Information provided:
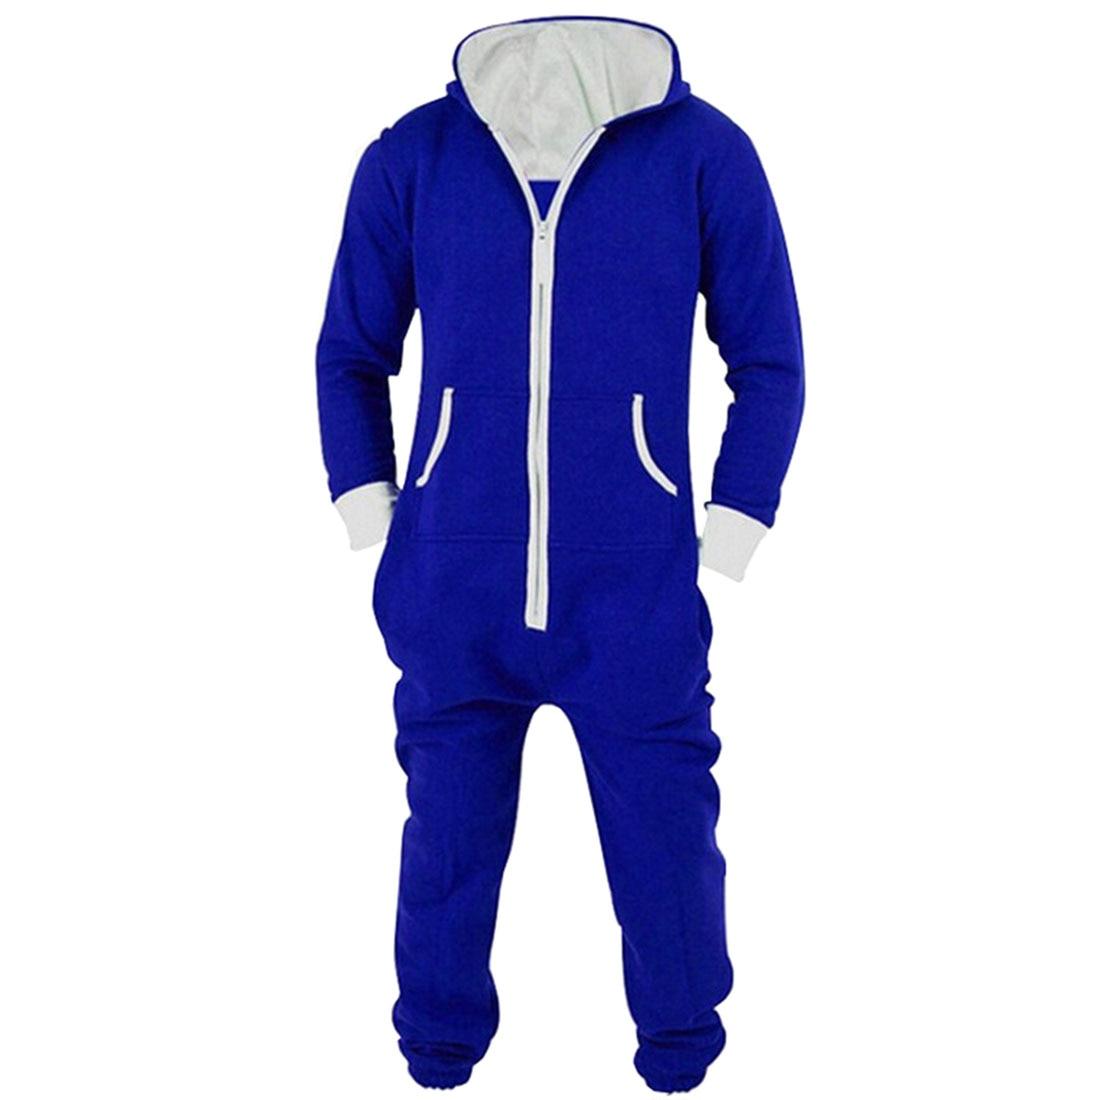 Men/women Jumpsuit Cartoon Sleepwear Cosplay Siamese Pajamas Home Service Long-sleeved 100%cotton Onesies
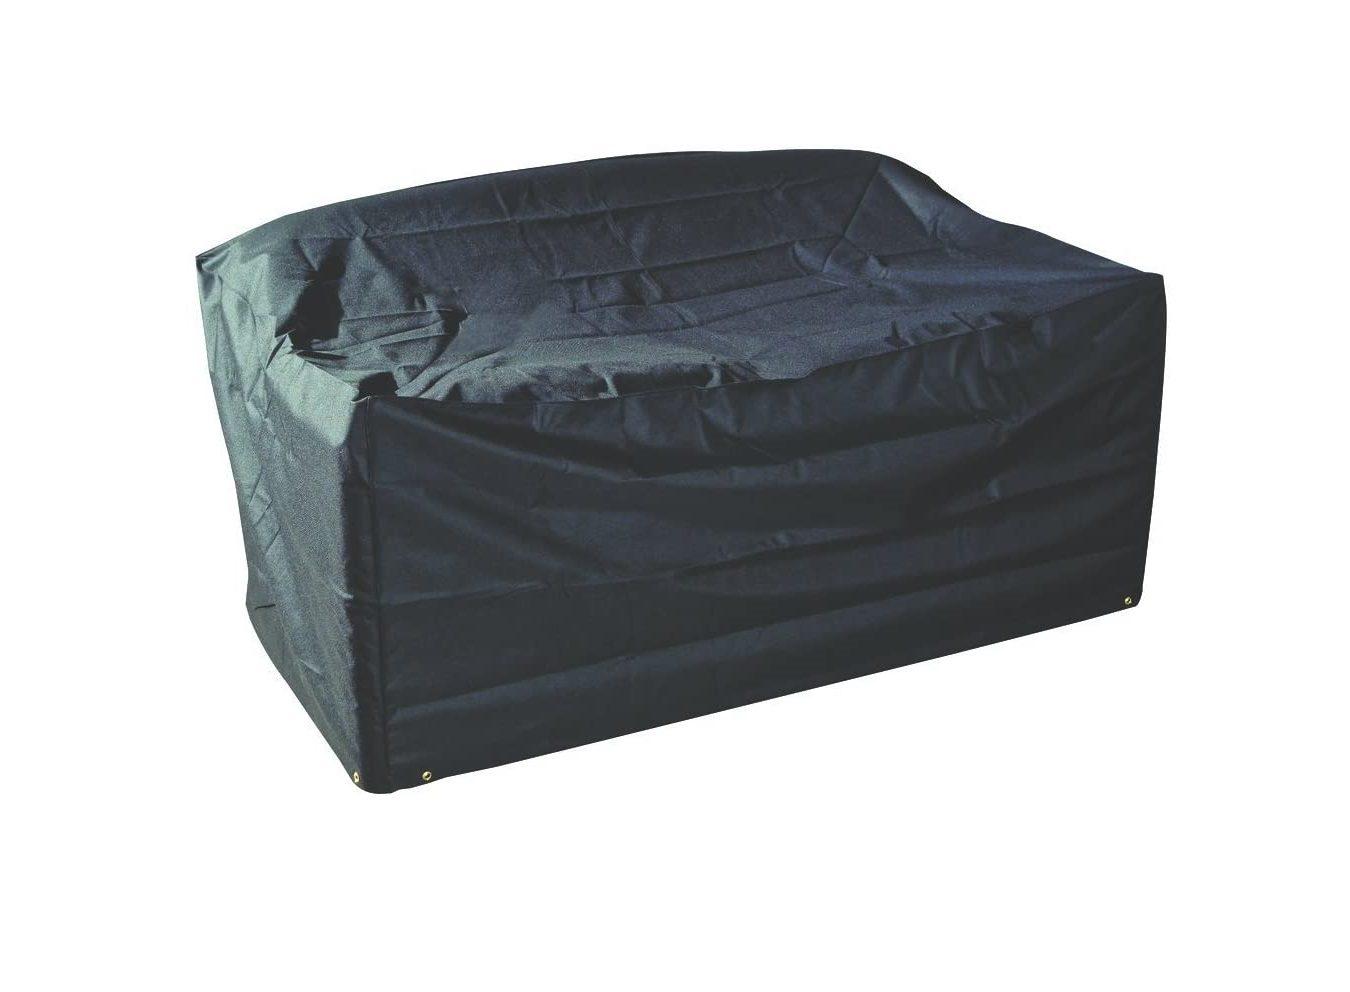 Bosmere Sofa Cover
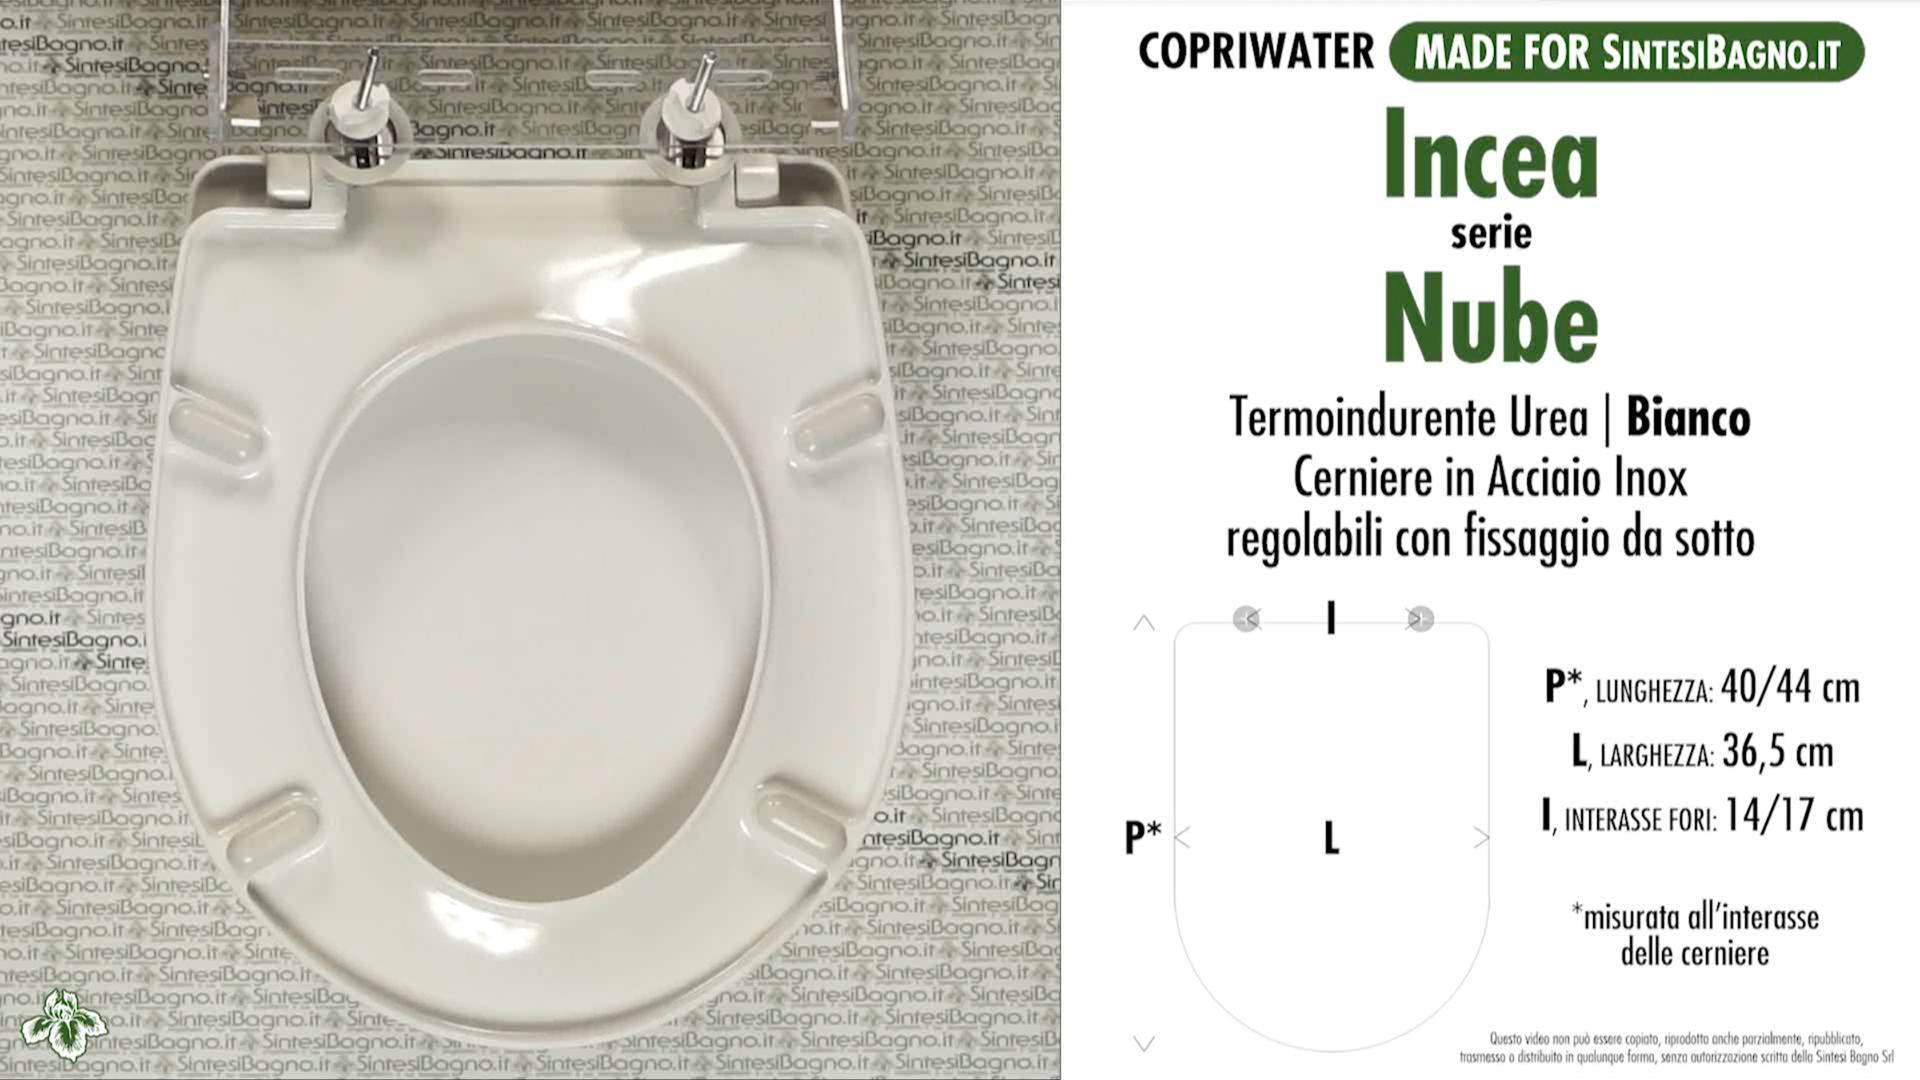 SCHEDA TECNICA MISURE copriwater INCEA NUBE

Exercise instructions:
Would you set down the material exactly as it stands, without the pictures?

Answer area:
 Men/women Jumpsuit Cartoon Sleepwear Cosplay Siamese Pajamas Home Service Long-sleeved 100%cotton Onesies
 Bosmere Sofa Cover
 SCHEDA TECNICA MISURE copriwater INCEA NUBE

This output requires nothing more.